3.4 Os Grupos do Pensar Alto

3.4.2 Grupos na Inglaterra

3.4.2.2 King David Primary School

A ideia de realizar vivências na escola King David, também chamada de King

David Junior and Infant School, em Birmingham, surgiu quando descobri que esta tinha

sido a escola primária de Sarah Rebecca Kersley, minha parceira nas versões dos poemas para o inglês. Sarah não nasceu em Birmigham, mas residiu na cidade no fim da

década de 1970. Assim, alguns meses antes de eu viajar à Inglaterra, entrei em contato com o diretor da escola, Steve Langford, e lhe enviei meu projeto. Ele se mostrou interessado na ideia de leitura de poemas em grupo, e especialmente contente e surpreso com a notícia de uma ex-aluna viver no Brasil, ter se tornado poeta, e ser uma das tradutoras dos poemas em questão.
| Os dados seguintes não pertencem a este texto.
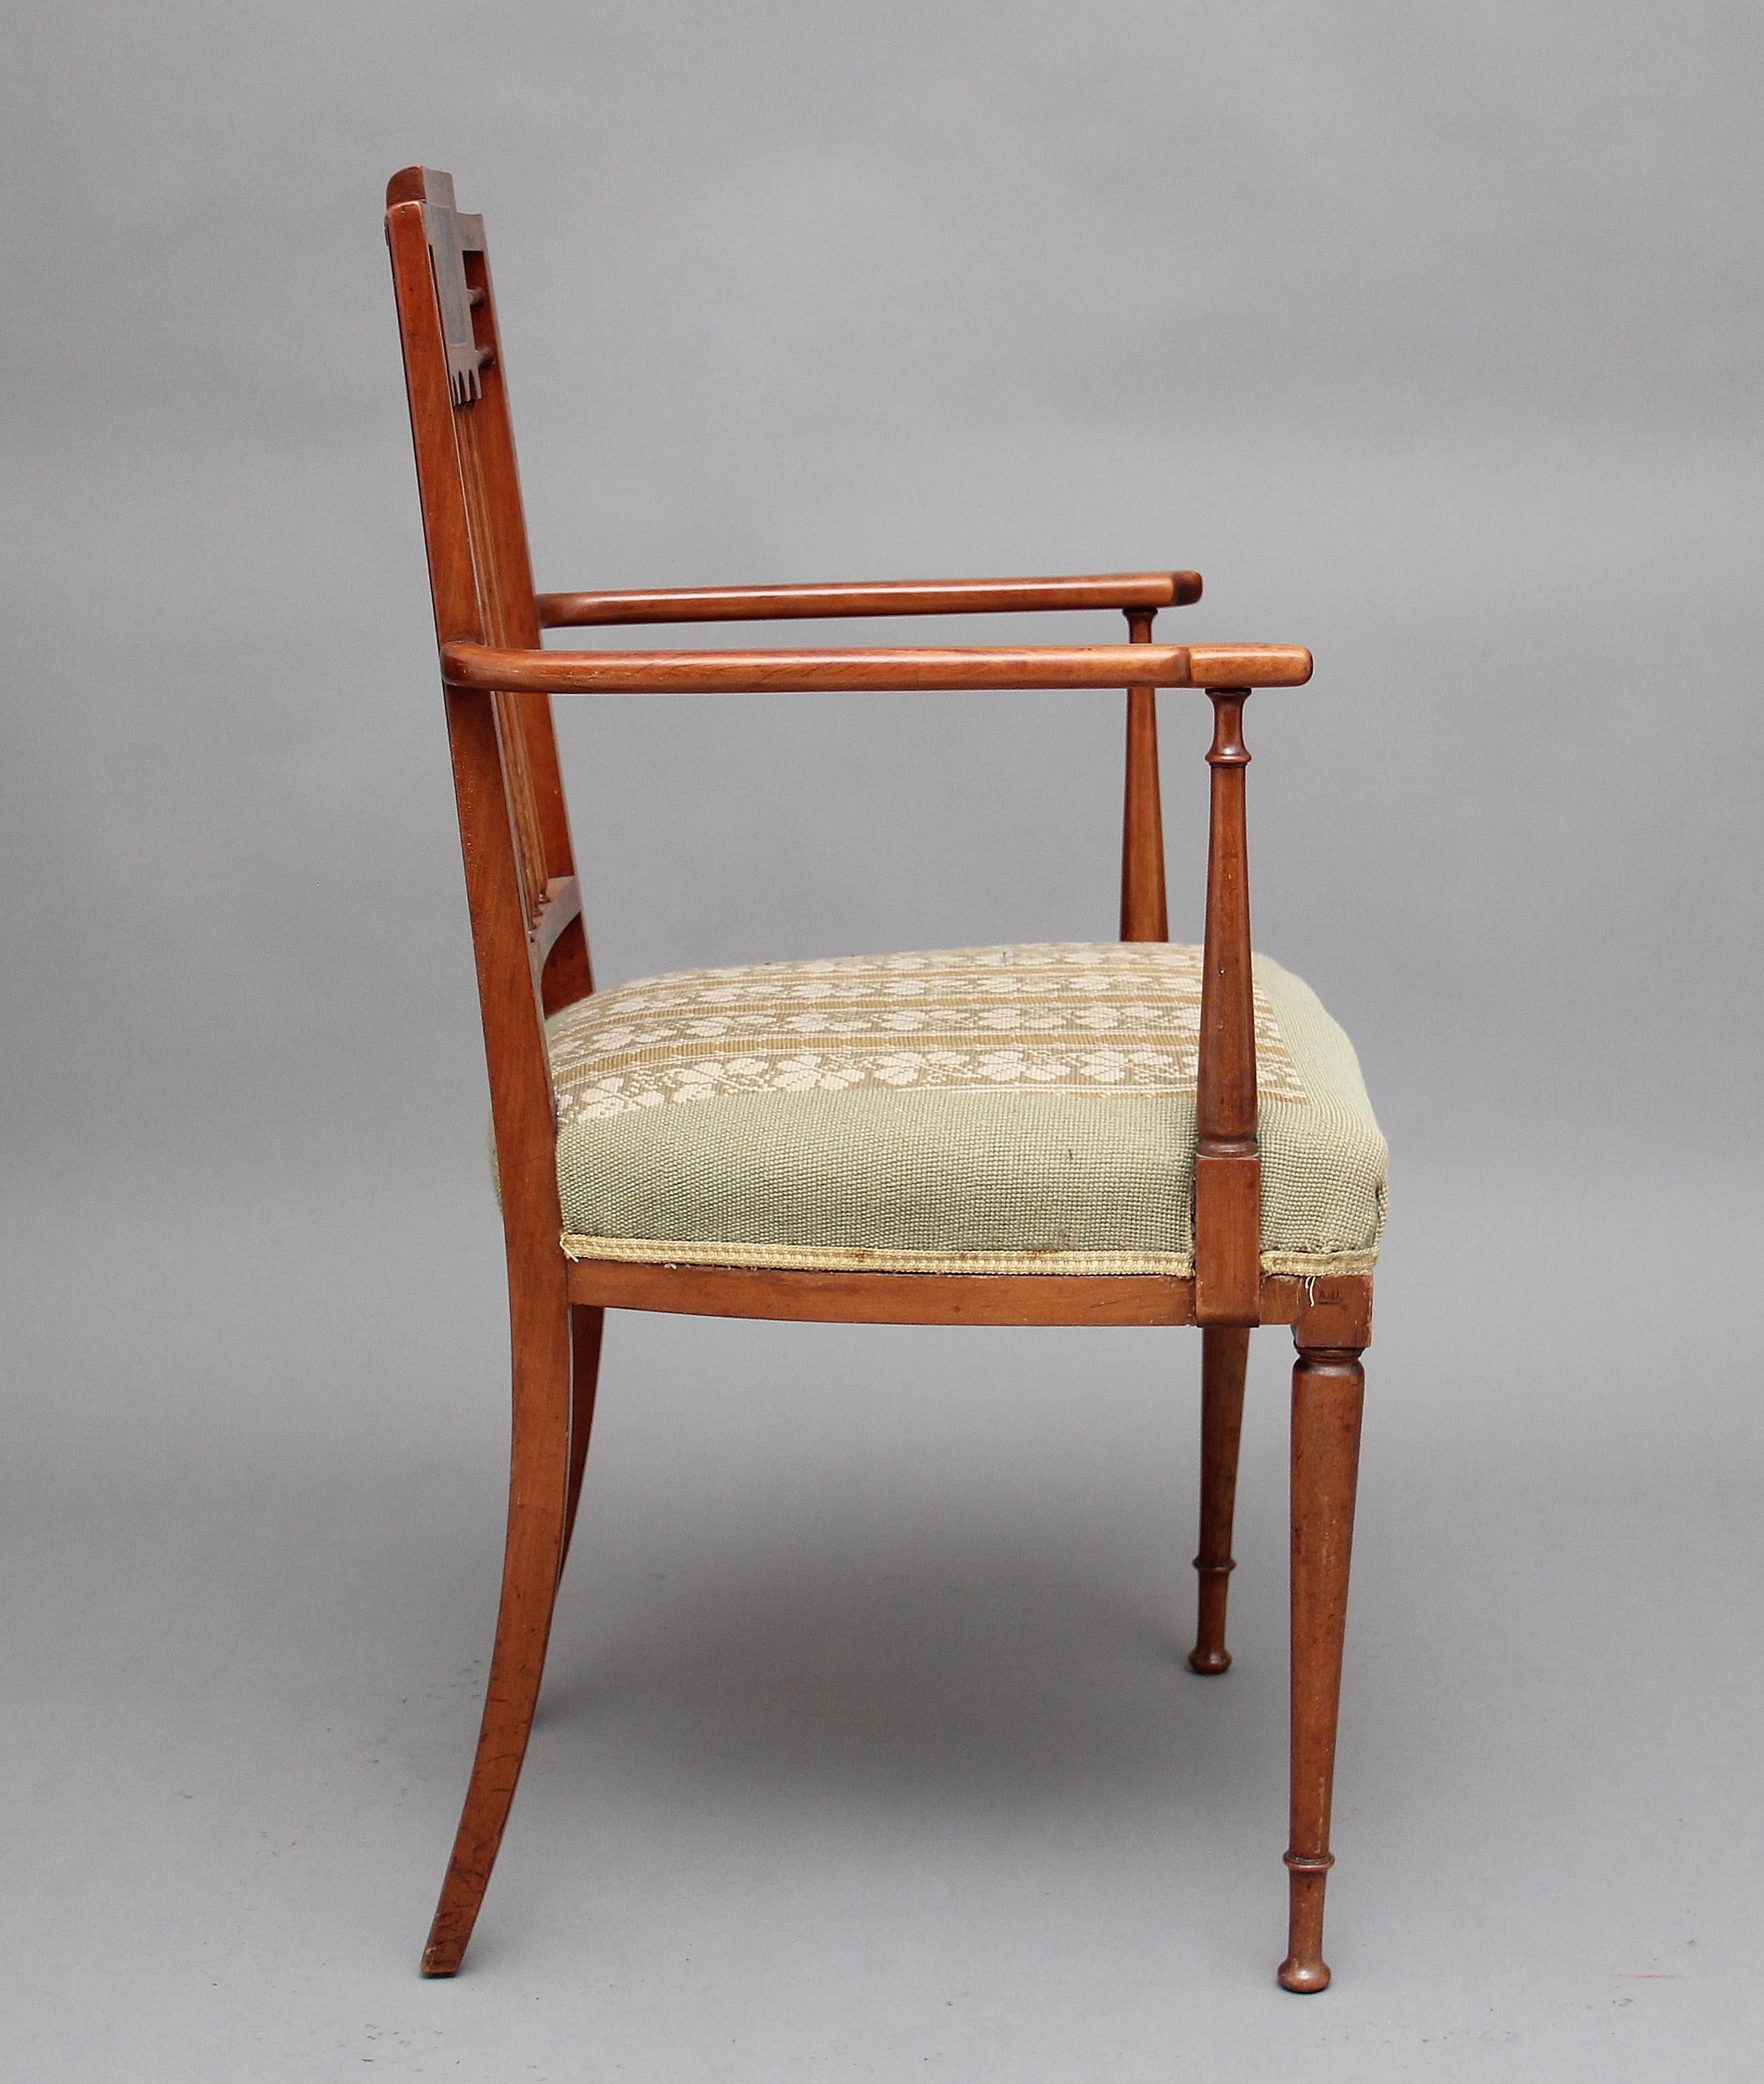 An early 20th century Sheraton revival satinwood armchair painted overall with floral decoration, the chair back consisting of finely turned spindles with a panel at the top painted with cherubs, turned uprights with shaped arm supports, embroidered

Mais contente fiquei eu com sua calorosa acolhida, e o pleno apoio que obtive dele e da professora do Y5, Caroline Nash, que por iniciativa própria organizou para que os grupos fossem equilibrados quanto ao gênero, com cinco meninas e cinco meninos em cada um, e se desdobrou para encaixar as vivências no pouco tempo de que dispúnhamos. Ocorre que quanto terminei o estágio em Cambridge faltava apenas uma semana para eu voltar para o Brasil, e Caroline se dispôs a remanejar as atividades em sala de aula para absorver as vivências, que foram então realizadas em três dias consecutivos, na primeira semana de dezembro de 2016. Pois assim como nas outras escolas, também na King David as crianças participantes foram deslocadas da sala de aula para outro recinto, onde a interferência de ruído externo fosse mínima, e suas vozes pudessem ser gravadas mais claramente. Mas, à diferença das outras escolas, onde as vivências foram feitas uma vez por semana e ao longo de um mês, na King David elas se concentraram ao longo de três dias consecutivos.

Na King David nós ocupamos o SEND room, sala reservada para ministrar aulas especiais a crianças que apresentam dificuldade no aprendizado. Nas dimensões e no mobiliário, o SEND room mantinha semelhanças com a sala de reforço da EMEF Vera Lucia Fusco Borba: além das mesas e cadeiras, a sala era mobiliada com armários onde eram guardados fichários, livros e material escolar excedente ou para uso na própria sala, como cartazes coloridos com as letras do alfabeto. Para as vivências, eu aproximava as quatro mesas disponíveis e formava uma grande mesa, no centro da qual era colocado o gravador, e em torno da qual nós nos sentávamos como em um círculo, da mesma maneira como no Brasil. Além da porta de entrada que se comunicava com o hall e refeitório da escola, o SEND room tinha uma enorme porta envidraçada que dava para o jardim dos fundos, e deixava ver um pátio gramado com algumas mesas e bancos de madeira, usados para eventuais piqueniques. O gramado e as árvores que o circundavam, já parcialmente desfolhadas, anunciavam o fim do outono, e davam sinais de que começavam a sofrer com a geada que, naqueles dias, branqueava tudo pela manhã. No horário das vivências, o sol filtrava por essa porta envidraçada, irradiando a sala, porém sua luz incidia diretamente nos olhos das crianças sentadas do lado oposto,

o que lhes causava grande desconforto. Desloquei, então, para perto dessa vidraça, um cavalete branco que estava ali para servir como lousa, e ele passou a servir como anteparo entre o nosso grupo e os raios do sol.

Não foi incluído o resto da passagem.